2 Introduction to Baidu’s open source AI computing chip PaddleChip

Author: Zen and the Art of Computer Programming

1 Introduction

Natural language processing (NLP), computer vision (CV), graphics processing (Graphics) and other fields have made major breakthroughs in continuous innovation. With the continuous upgrading of hardware, many well-known companies at home and abroad are currently deploying in the field of AI chip research and development. In recent years, companies such as Google, Microsoft, Apple, and Amazon have launched their own self-developed AI chip products, and at the end of 2019, they completed the first-generation CMOS chips of the 4nm process: Google Coral Edge TPU, Apple Neural Engine, Apple M1 , Amazon EC2. Recently, Baidu announced the launch of the PaddlePaddle Foundation, which aims to create a unified AI ecosystem through open and shared collaborative innovation, including AI chips, computing power platforms, training technology, application tools, service platforms, etc.
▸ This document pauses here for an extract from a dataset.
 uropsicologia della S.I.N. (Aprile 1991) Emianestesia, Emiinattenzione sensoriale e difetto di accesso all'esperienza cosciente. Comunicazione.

This article will introduce its open source basic AI chip Paddle-Lite based on the PaddlePaddle open source framework. This is Baidu's first open source end-side computing platform for AI fields such as vision, audio, natural language, and reinforcement learning. It can achieve rapid deployment of deep learning models. , efficient execution.
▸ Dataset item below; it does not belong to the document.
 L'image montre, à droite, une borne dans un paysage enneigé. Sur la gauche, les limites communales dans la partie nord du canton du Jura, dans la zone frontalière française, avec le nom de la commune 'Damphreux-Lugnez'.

2. Background introduction

With the rapid development of AI technology, all walks of life are deploying AI to solve practical problems. As one of the pioneers of AI, Yu Kailong, founder of Baidu's natural language processing department, once described his views on AI: "AI is the human subconscious, the ability to let machines think by themselves, learn by themselves, and adapt to the environment. Its emergence , allowing us to process massive data in a more efficient and cheaper way, and at the same time, it can replace humans as the mainstream at some point." Although AI has unlimited potential, when it comes to implementation, it still needs to be continuously cultivated and refined to improve the model. Effect. Therefore, how to quickly deploy AI models and shorten the model launch time has become the focus of every enterprise.

Huawei Technologies Co., Ltd. has always been committed to accelerating the development of the artificial intelligence industry. Adhering to the spirit of "foresight, innovation, and investment", it has established the world's leading artificial intelligence open source organization - Huawei Open Source Software Center, dedicated to open source artificial intelligence related technologies. Currently, it has more than ten open source projects, covering data processing, artificial intelligence algorithms, machine learning frameworks, tool software and other directions. On the road to artificial intelligence research, Huawei has always upheld the values of openness and sharing, and actively participated in the construction of open source communities. In the future, Huawei's Open Source Software Center will assist enterprises in industrial development and promote the rapid development of AI technology through the establishment of AI communities, technical exchanges, and achievement transformation. In addition, Baidu also maintains close cooperative relationships with major manufacturers such as Huawei to jointly promote innovation and progress in AI theory, technology, and industry.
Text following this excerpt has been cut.